Thank you, Lindsay, for a great comment!!!
It is entirely possible to make home cooked meals on an extraordinarily limited budget. These women could be taught how to do so.
At the risk of sounding too self congratulatory I am going to say how I overcame those supposed obstacles for twenty years and made home cooked meals for my two sons and myself.
I bought reduced produce, meat that was reduced because it had to be sold that day, deli meat and cheese "ends", day old bread and staples when they were on sale. I made basic things such a salad dressing and baked goods.

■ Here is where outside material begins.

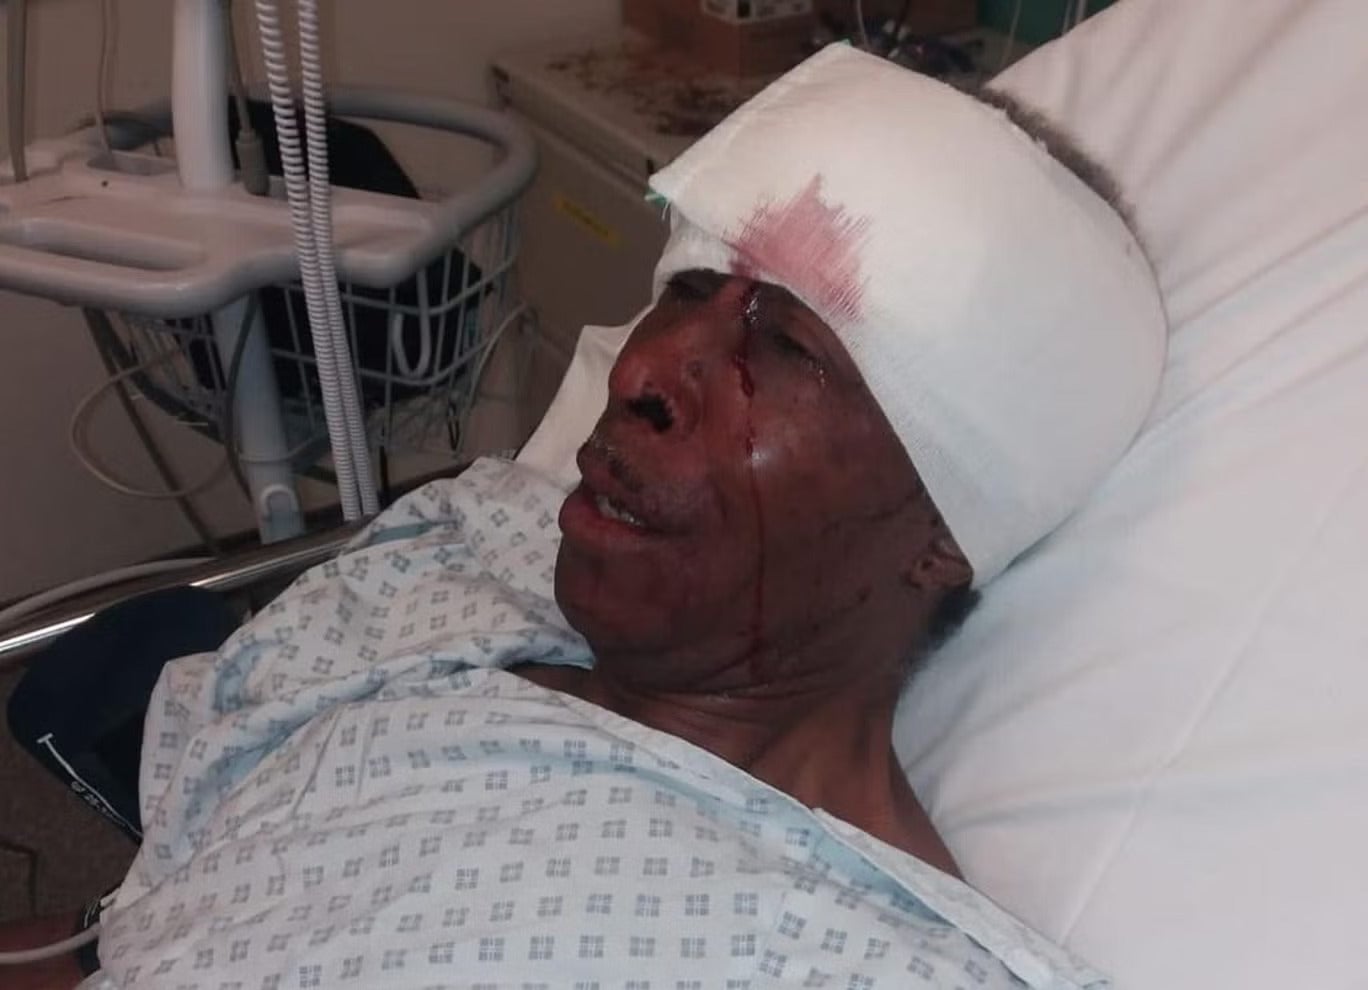 Errol Dixon was hospitalised as a result of injuries suffered during a police stop

I found second hand things and have a well outfitted kitchen with excellent cookware, dishes, utensils and excellent knives.I only had 13 inches of counter space but tables and other surfaces help.
I made enough for more than one meal so I could freeze some or have leftovers.
I found interesting "ethic" foods that are not expensive but are interesting and fun to both make and eat.
I got my sons involved in the cooking and had them eat at least two bites of everything served. To allow for personal taste they were allowed to choose two foods that they didn't have to eat at all but if they wanted to switch it they had to eat some of the one taken off the short list before adding a different one. They were taught basic manners which is really just being kind and considerate of others - including thanking the person who made the meal. We'd often do a critical analysis of what we made so we could improve upon it but it wasn't unkind.
I rarely used convenience foods or take out foods.
My sons are grown now and have more money but they eat similarly to how they were raised and have thanked me for training their tastebuds in that fashion. They both live in NYC and have taken the ethnic food tasting to new heights and both are excellent cooks.
I do wonder if some women truly don't know the basics about cooking, nutrition and how to stretch a dollar. It can certainly be learned though.
Lindsay, your comment is excellent and Stuart, your column - as always, is excellent.
Both my mom and dad worked, and they both cooked our meals. We ate as a family unit for dinner, and everyone helped clean the kitchen and table after the meal.
Apparently, I grew up in a strange family.
Lindsay and Patricia: Thank you. Thank you for the wonderful sensibility you've shared here, and what you do for your families. The idea you don't have to have saffron threads in some exotic macaroni and cheese recipe, nor do you have to serve free-range rib eye steaks on a Tuesday night, is all so efficient and well-considered. I also suspect such thinking would be novel to many families. Food doesn't have to be professional grade and ever-scrumptious to provide the kind of fellowship and intimacy human beings truly desire.